'Bronx is Burning' revisits Yankee soap opera of '77

July 09, 2007|Joanna Weiss, Globe Staff

It might be hard, around these parts, to drum up sympathy for Billy Martin, but a better tragicomic figure there may never have been in sports. As played by John Turturro in ESPN's miniseries "The Bronx is Burning," the New York Yankees manager is a snap-jawed little fish who fancies himself a shark -- an epic ego who comes up against a pair of equally huge personalities, in the form of owner George Steinbrenner and star Reggie Jackson.

With his prosthetic ears and outsized pinstripes, Turturro is the highlight of this eight-part tale about the summer of 1977, which begins at 10 tonight after the All-Star Home Run Derby. It's supposed to be a story of New York and its many demons, but it works best as a tale of loud, proud, surprisingly brittle men.

The series is based on the well-received 2005 book "Ladies and Gentlemen, The Bronx is Burning," which interweaves the Yankees' season with the other dramas that roiled New York that summer, from the heated mayor's race to the Son of Sam murder spree. ESPN does cursory service to history, using archival footage of the mayoral candidates and other sideshows of the era, including a long-ago-forgotten guy who decided, one day, to scale the World Trade Center.

Son of Sam gets far more airtime, perhaps because Jimmy Breslin, who had a famous correspondence with the killer, is one of the series' advisers. But the murder-mystery sequences, meant to be ominous, feel tacked-on and tonally ill-fitting. This series wants badly to be about baseball, and its portrayal of the Yankee drama is so meticulous and rich that everything else feels like an afterthought.

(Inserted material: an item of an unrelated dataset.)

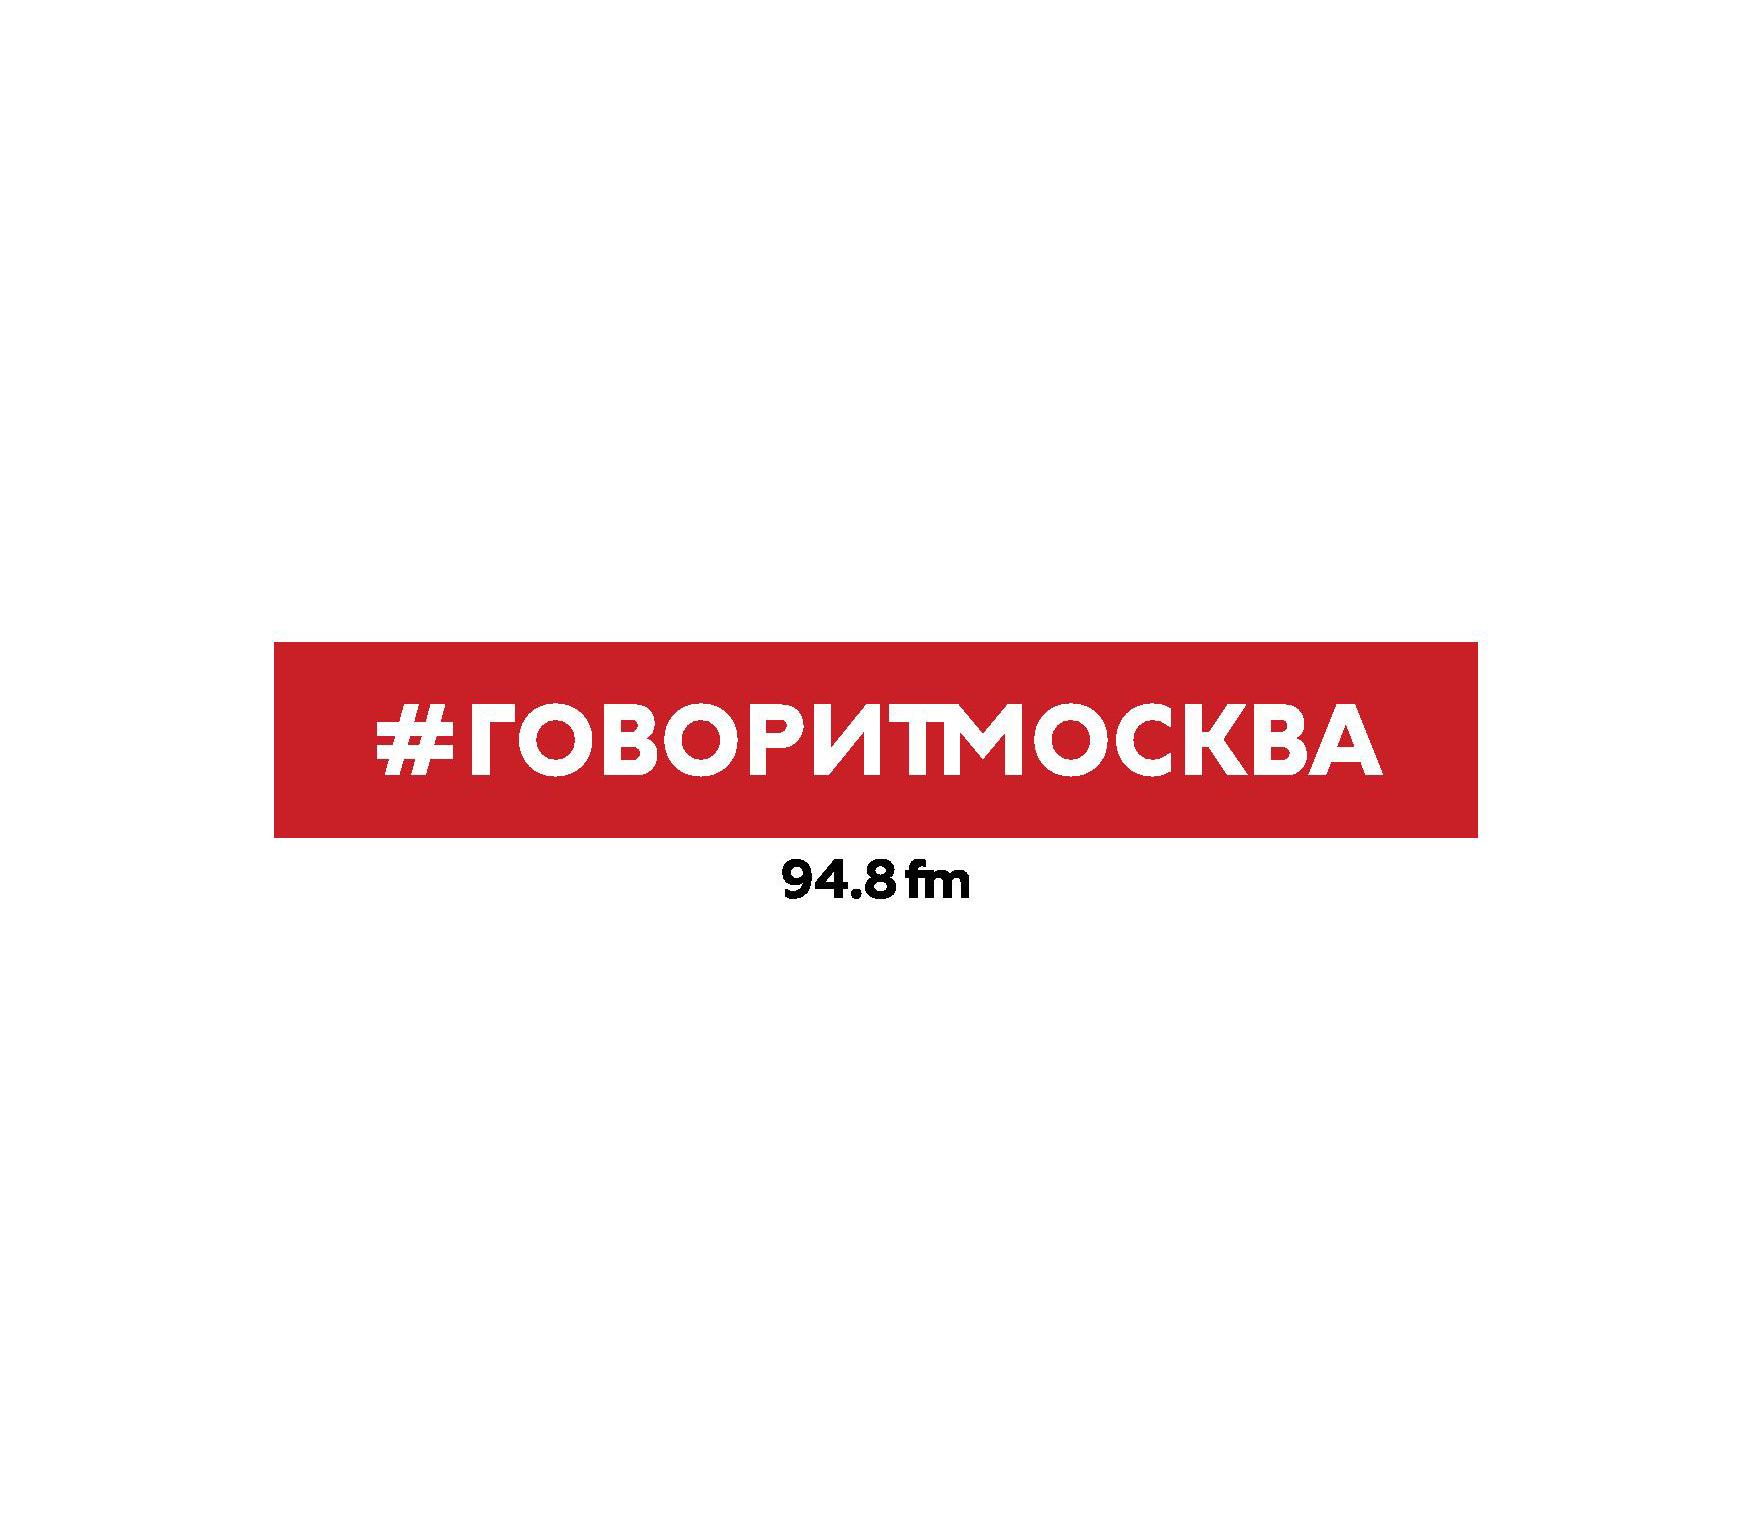 Макс Челноков 20 марта. Алла Пугачева макс челноков 4 марта ульрих хайден

Anyway, it's much more fun to dig into Yankee clubhouse culture, the way the players love and razz each other and -- more strikingly -- the way they tolerate, use, and get used by the reporters in their midst. Baseball writers are ever-present here, treated partly like therapists, partly like functional furniture. In one scene, a reporter sits patiently next to Yankees captain Thurman Munson , who is lounging on a couch, opining as he eats from a plate balanced on his bare belly.

Still, Martin takes up most of the energy in the room, and in the dugout, and on the field. He knocks over furniture, kicks dirt , and sobs on occasion. According to a least one esteemed source, who covered the team as a baseball beat reporter, Turturro gets it right, down to the hunch and the swagger.